Cash buyers flock to Gold Coast as luxury apartment sales surge
New apartment sales on the booming Gold Coast more than doubled over the September quarter. The surge came as a swath of cashed-up local and interstate buyers pounced on the larger luxury residences that have become the post-COVID-19 staple of the coastal city market.Quarterly data from research house Urbis shows 470 unit sales over July, August and September, a 135 per cent increase on the 200 sales recorded over the June quarter.
Off-the-plan apartment sales peaked in the final quarter of 2020 at almost 750, and were elevated throughout 2021 before rising interest rates reduced demand last year and the first half of this year.
Alongside the rebound in sales, an influx of buyers intend to pay for their multimillion-dollar homes in the sky with cash, thus not being affected by higher rates.
Analysis of recent off-the-plan apartment sales by Gold Coast project marketing firm Total Property Group found 80 percent of buyers are paying entirely in cash. Almost all of them (96 per cent) are Australian.
Total Property specialises in luxury apartments with an average price of $2.6 million.

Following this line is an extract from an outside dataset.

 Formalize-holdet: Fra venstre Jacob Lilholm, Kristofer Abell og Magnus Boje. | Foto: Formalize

Managing director Adrian Parsons told The Australian Financial Review buyers were paying cash for properties between $1 million and $10 million.
‘Unprecedented’ level
He said the “unprecedented” level of cash buyers was a reflection of the maturation of the Gold Coast apartment market, which had moved on from its past cycles of boom and bust.
Alongside a more stable market, there has been an evolution of the product offering from small holiday units to the big half and full-floor residences catering to wealthy owner-occupiers.

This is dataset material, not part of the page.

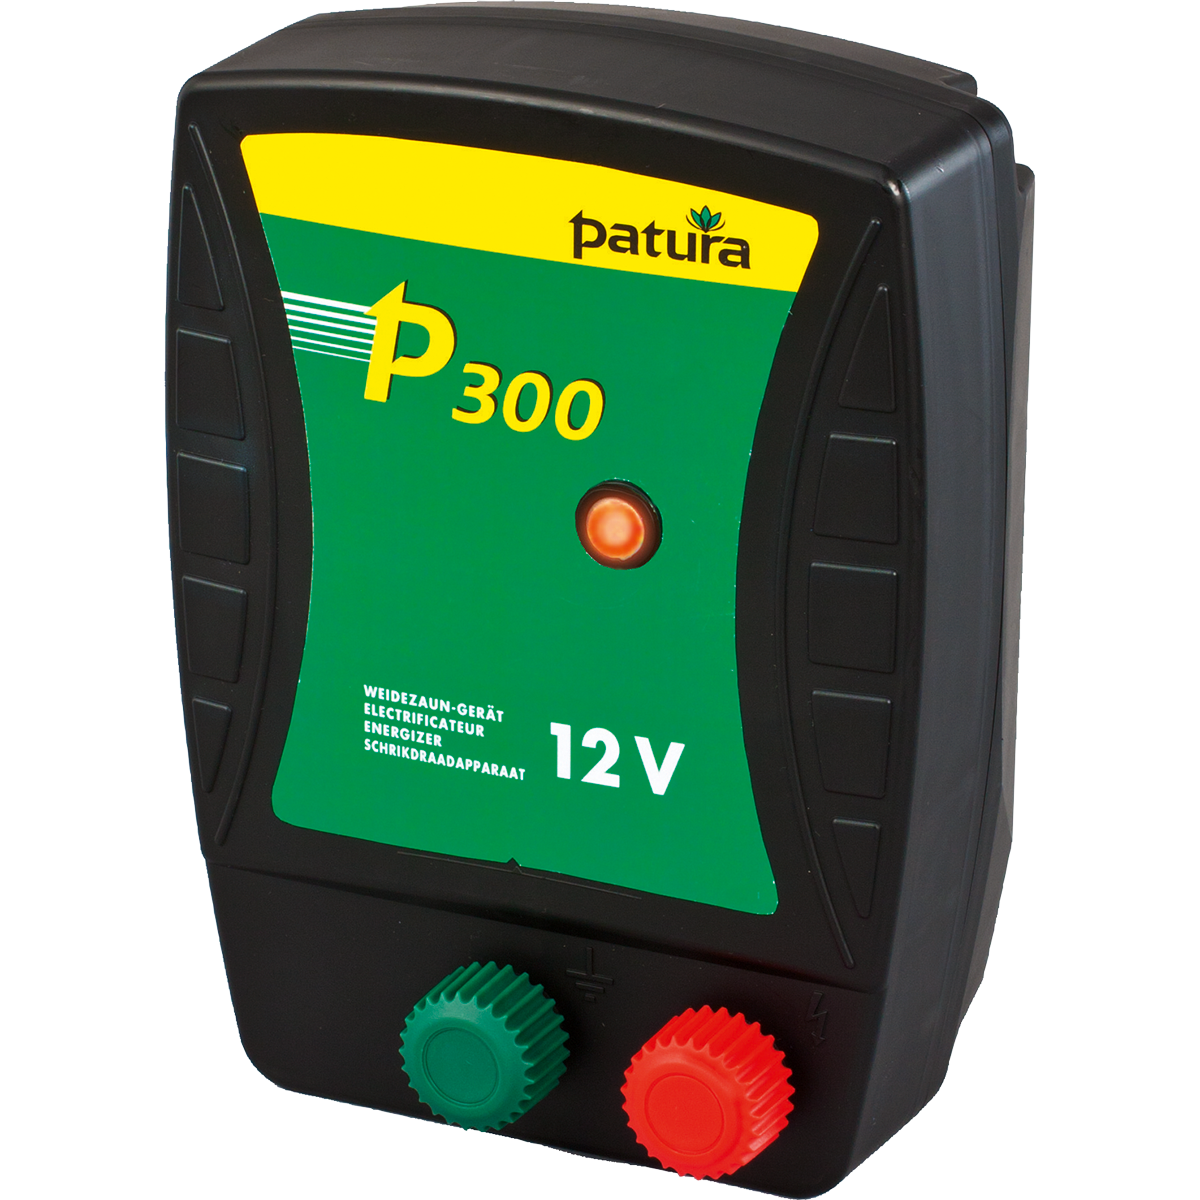 Patura p300, schrikdraadapparaat voor 12 v batterij met draagbox

“The small one and two-bedroom holiday apartments of the past never appealed to high-net-worth buyers, who stayed at the Sheraton or Versace [now The Imperial], but never felt there was a premium offering to invest in,” Mr Parsons said. “That’s all changed now.”
Another key change in the market identified by Total Property was the high proportion of Queenslanders – 57 per cent – who were buying new luxury apartments. That was up from 40 per cent 12 months ago.
‘Now a beachside metropolis’
Many of these buyers, Mr Parsons said, had done well out of property, and were now putting their wealth into a destination offering an enviable coastal lifestyle and good employment prospects.
“The Gold Coast is now a beachside metropolis,” Mr Parsons said. “When you look at the employment sectors, the medical sector is now bigger than tourism. It’s become a bona fide oceanside city with lifestyle benefits that are unmatched.”
Growing demand for larger, luxury apartments, which really accelerated during the pandemic, has brought in some big name property developers. They include veteran developer David Devine and interstate rich listers such as Tim Gurner and Sam Arnaout.
However, high construction costs and labour shortages remain a challenge. Last year, Melbourne-based development giant Central Equity canned a $500 million apartment project at Surfers Paradise, citing surging construction costs.
Others, such as Cronulla-based Sammut Group and Mr Arnaout’s Iris Capital, are forging ahead with construction of luxury beachfront towers.
The biggest-selling Gold Coast project
Over the September quarter, the biggest-selling Gold Coast project – according to Urbis – was Drew Group’s Lagoon project at Main Beach, which is being built by Hutchinson Builders and racked up 124 sales across two towers.
The first stage of Cienna, a multi-tower project in Varsity Lakes being undertaken by Ron Bakir’s Homecorp, secured 85 sales. Meanwhile, 26 Vista, a high-rise tower at Surfers Paradise being developed by Malaysian-listed MRCB Malaysia, sold 80 apartments over the quarter.
Nearly 1800 apartments remained up for sale at the end of September – 82 per cent of which are in Surfers Paradise, Main Beach and Broadbeach, according to Urbis.
Urbis director Paul Riga said a significant new trend was the conversion of a number of build-to-rent projects to build-to-sell as developers look to capture sales in a constrained supply environment.
“What the data tells us quite simply is that the demand for apartments has remained strong,” Mr Riga said.
“This is great for the property market, underpins property prices, but creates further problems with supply – meaning if new projects don’t get under way, the supply will continue to diminish.”